Thursday, April 25, 2024

Dismantling MSC smokestack a small step toward MSU’s green future

As someone who has lived in East Lansing for 10-plus years and as a current MSU junior, I take a lot of pride in the colors green and white. I have been to countless MSU home football games — never once having to drive to Spartan Stadium — and walked past the famous MSC smokestack prior to entering. It serves as a great landmark for MSU, visible on TV screens nationwide whenever an aerial shot of Spartan Stadium is on camera. For the past 60 years, the MSC smokestack has served our campus well.

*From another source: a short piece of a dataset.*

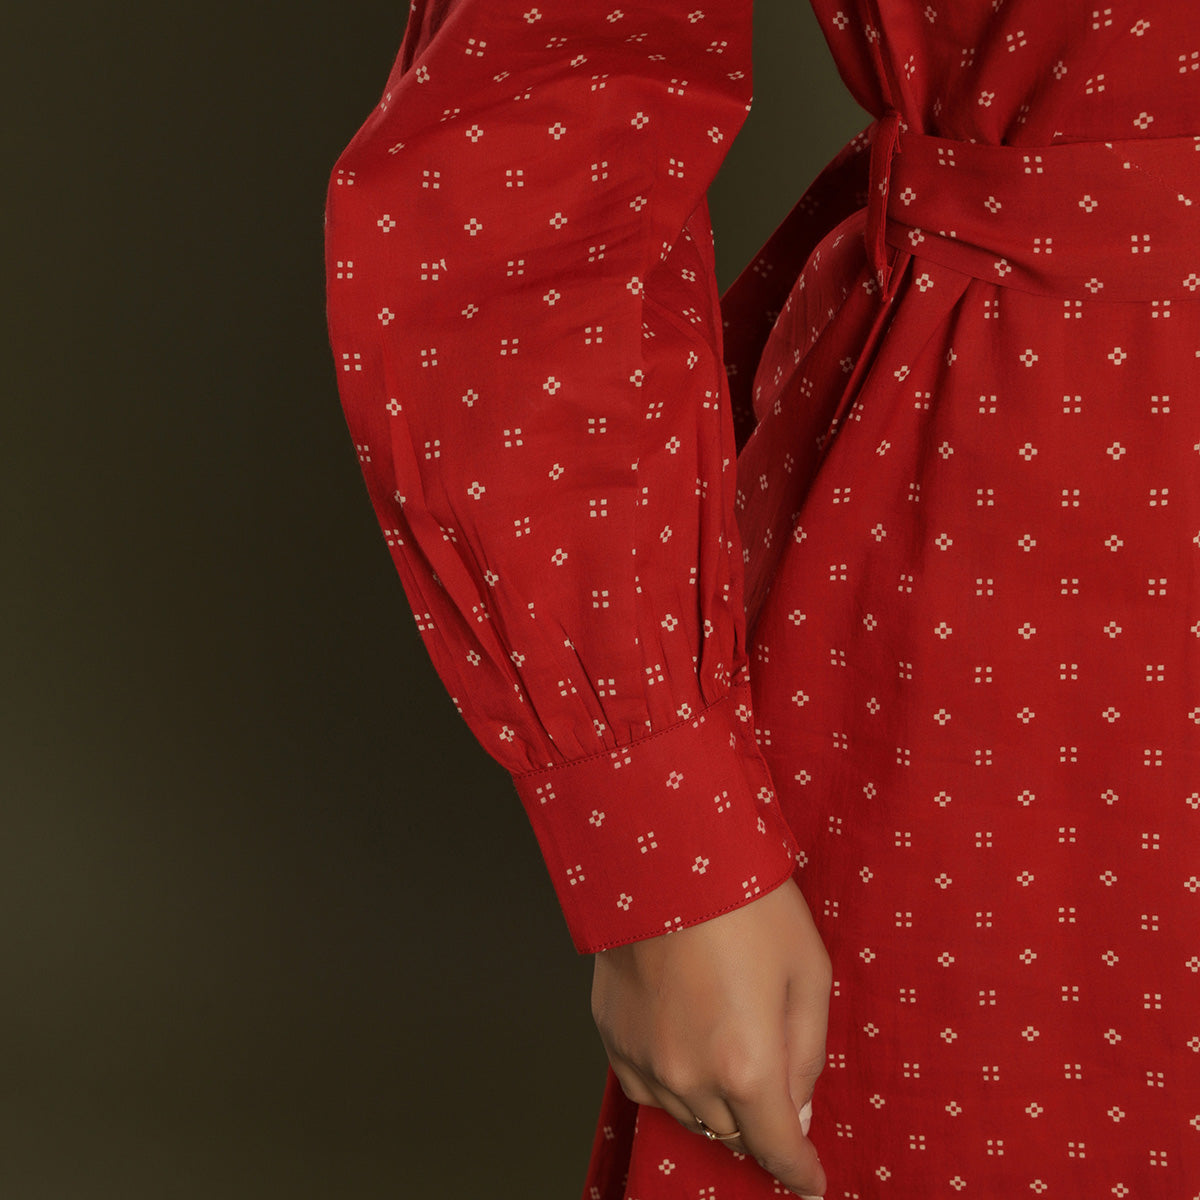 Pixels on Red Puffed Dress Jisora Jaipur

I currently am sitting in the Main Library across the river from the MSC smokestack as it is being dismantled brick by brick. Many have said this smokestack symbolizes the golden era MSU had during the times when the Shaw Lane Power Plant was still in use: A change of name from MSC to MSU, joining the Big Ten conference and the Hannah administration molding this university into a nationally distinguished school. These are accomplishments every Spartan should be proud of.

Unfortunately, this article is not about our campus’ past but about every inch it can gain toward the right path into the future. To do this we have to talk about the position we are in today. Today, MSU has the largest on-campus coal power plant in the nation, and it affects the health of everyone who walks around my East Lansing community as well as the surrounding Lansing communities. Today, President Lou Anna K. Simon and her current administration have not made a verbal commitment endorsing a clean energy MSU future. Today, we advocate “Go Green” while polluting the air by burning more than 300 tons of coal per day.

As a member of MSU Beyond Coal, I know for a fact there are possible measures to be taken by the administration to push us toward a cleaner future. But while the nonchalance of Simon and her administration toward this issue is duly noted, I will take the demolition of the MSC smokestack as a small step toward the right future: An MSU future that no longer runs on coal and instead uses renewable, healthy energy. An MSU future with newer, higher standards than even the old MSU had to offer.

But one thing about the future: It is not promised to us, we must take it for ourselves.